● **TASK GOAL**: Below this line is a set of entries; quote exactly the lines from the line that contains "9db831104f2e Sorrento-Leather Hobo" to the line that contains "בנייה למכורים דירות חברת שבירו פתח תקווה", both lines included.

● **DATA FOR THIS TASK**:
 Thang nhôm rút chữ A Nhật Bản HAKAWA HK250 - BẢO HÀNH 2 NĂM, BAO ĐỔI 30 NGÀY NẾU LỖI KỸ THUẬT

==

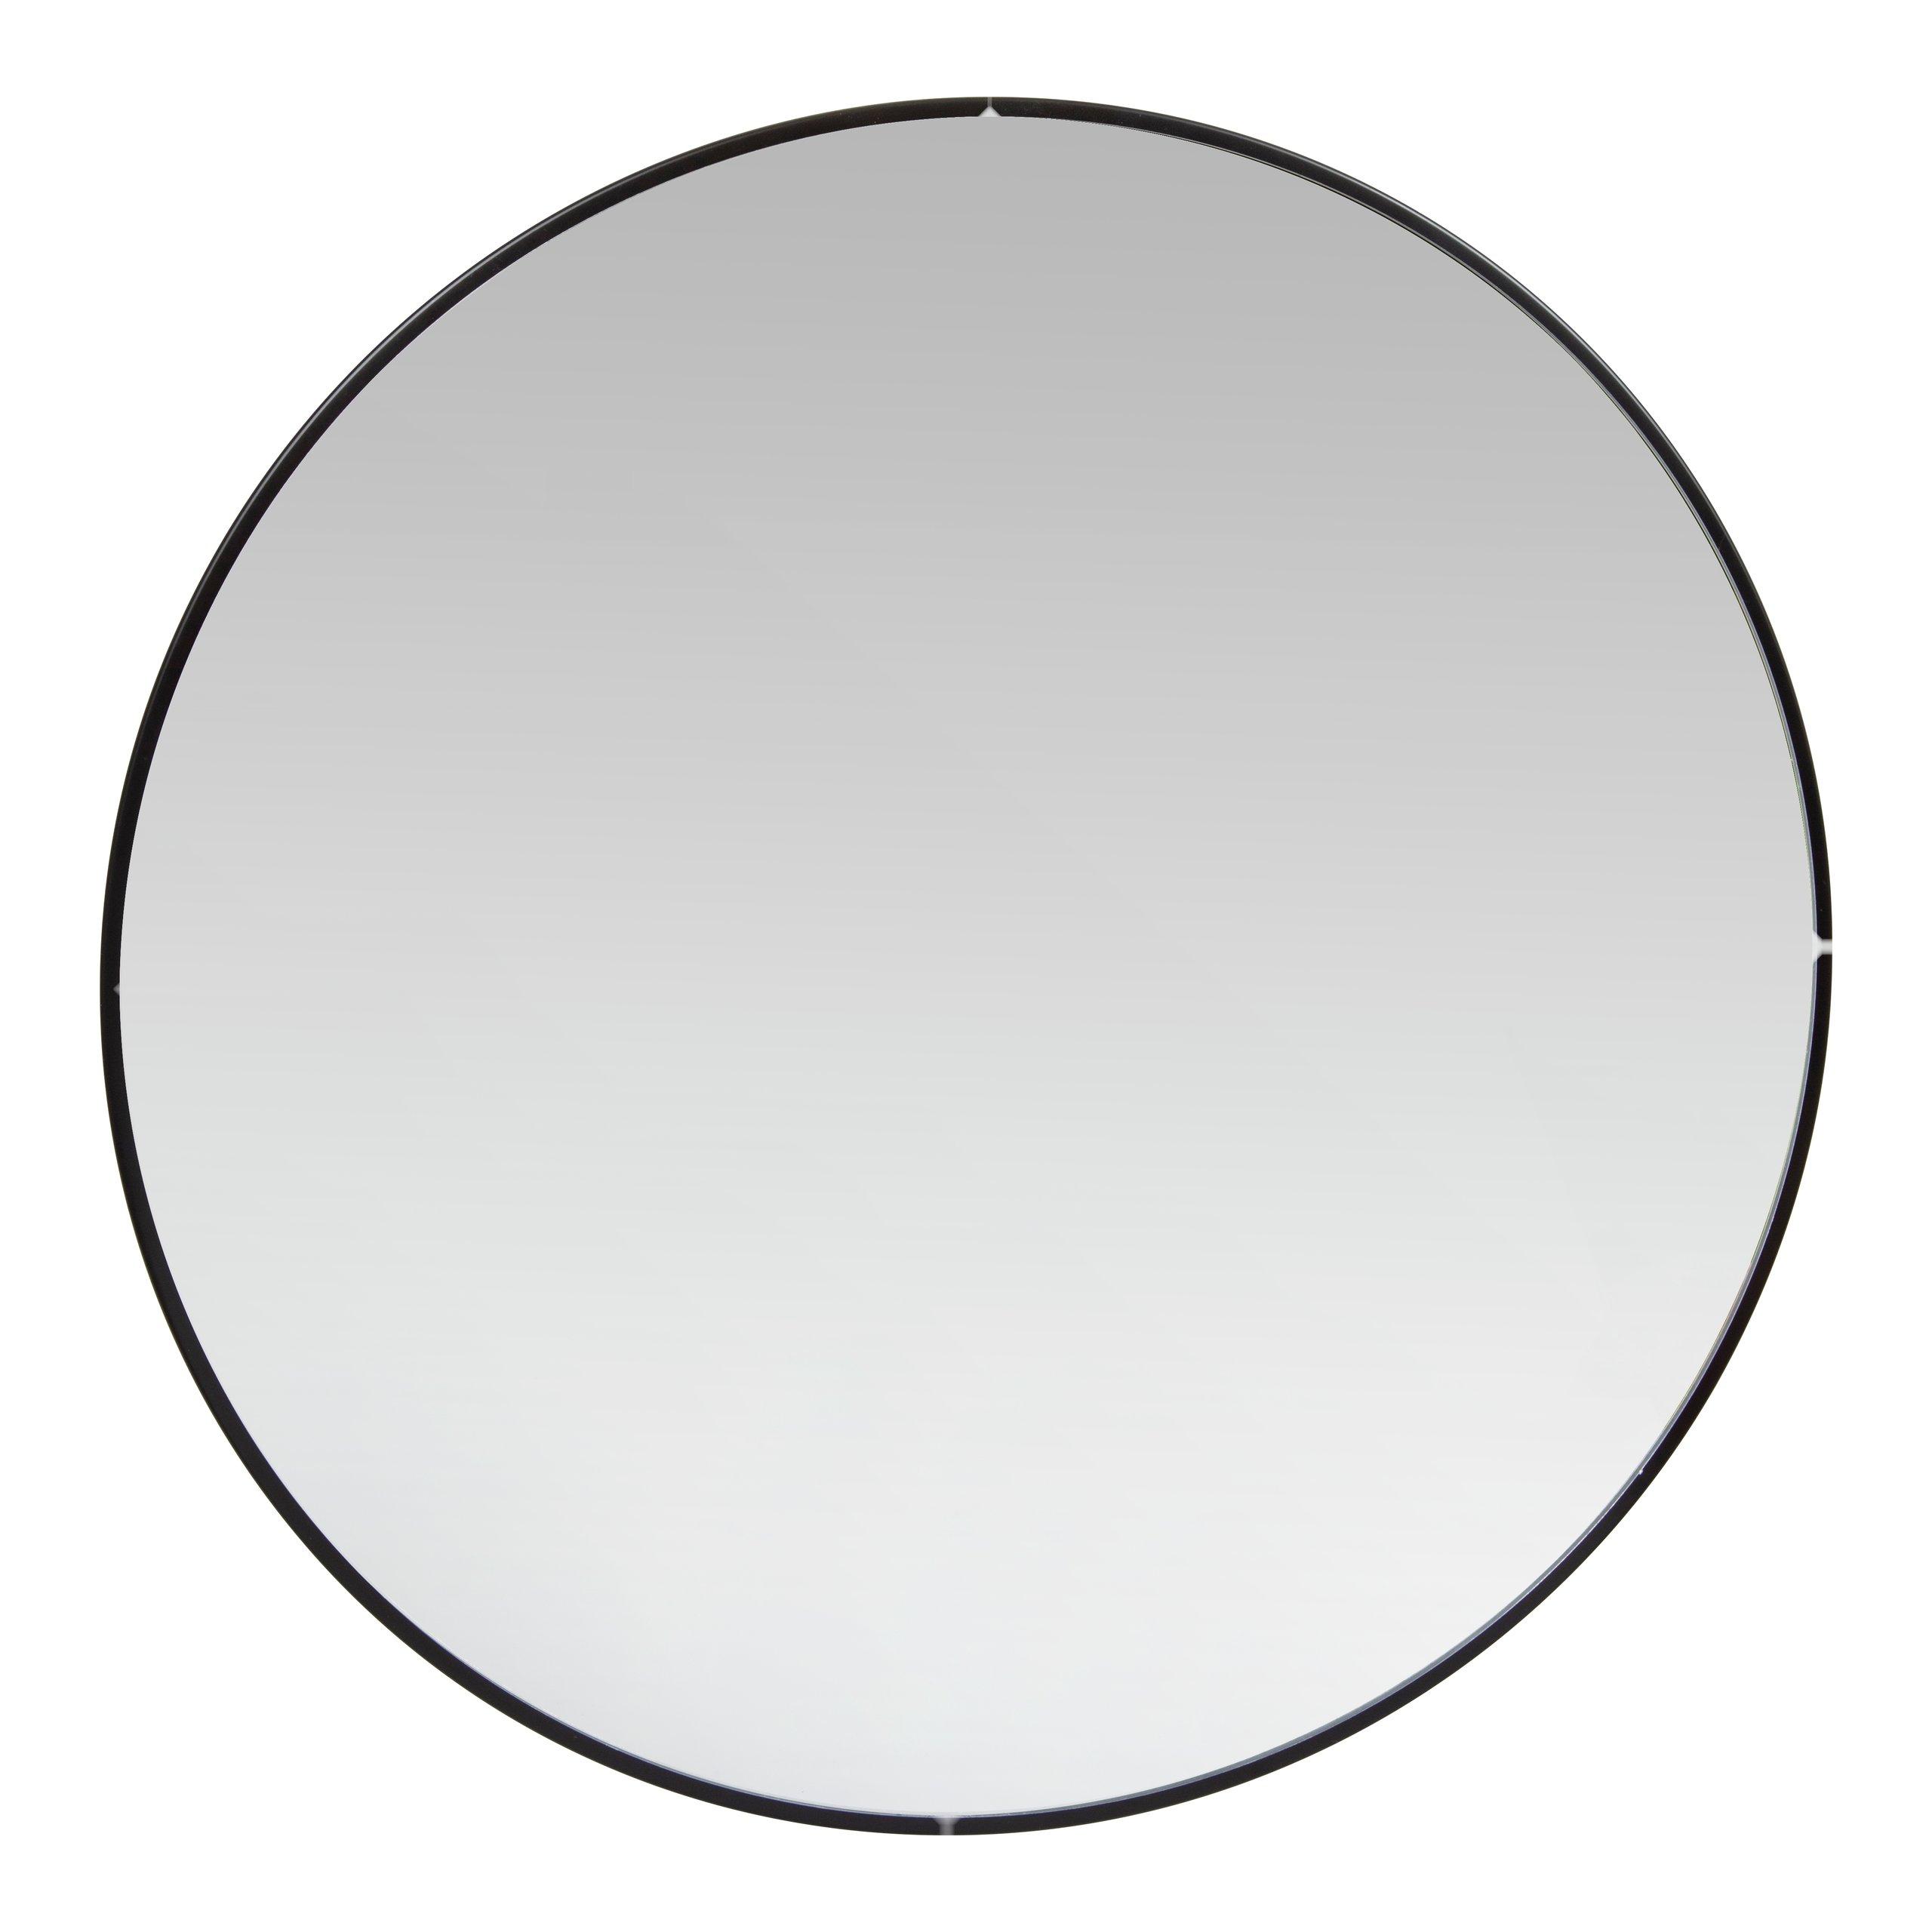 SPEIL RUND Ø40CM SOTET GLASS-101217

---

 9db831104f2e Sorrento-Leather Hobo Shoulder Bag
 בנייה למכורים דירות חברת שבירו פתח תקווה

● **SOLUTION FOR THIS TASK**:
 9db831104f2e Sorrento-Leather Hobo Shoulder Bag
 בנייה למכורים דירות חברת שבירו פתח תקווה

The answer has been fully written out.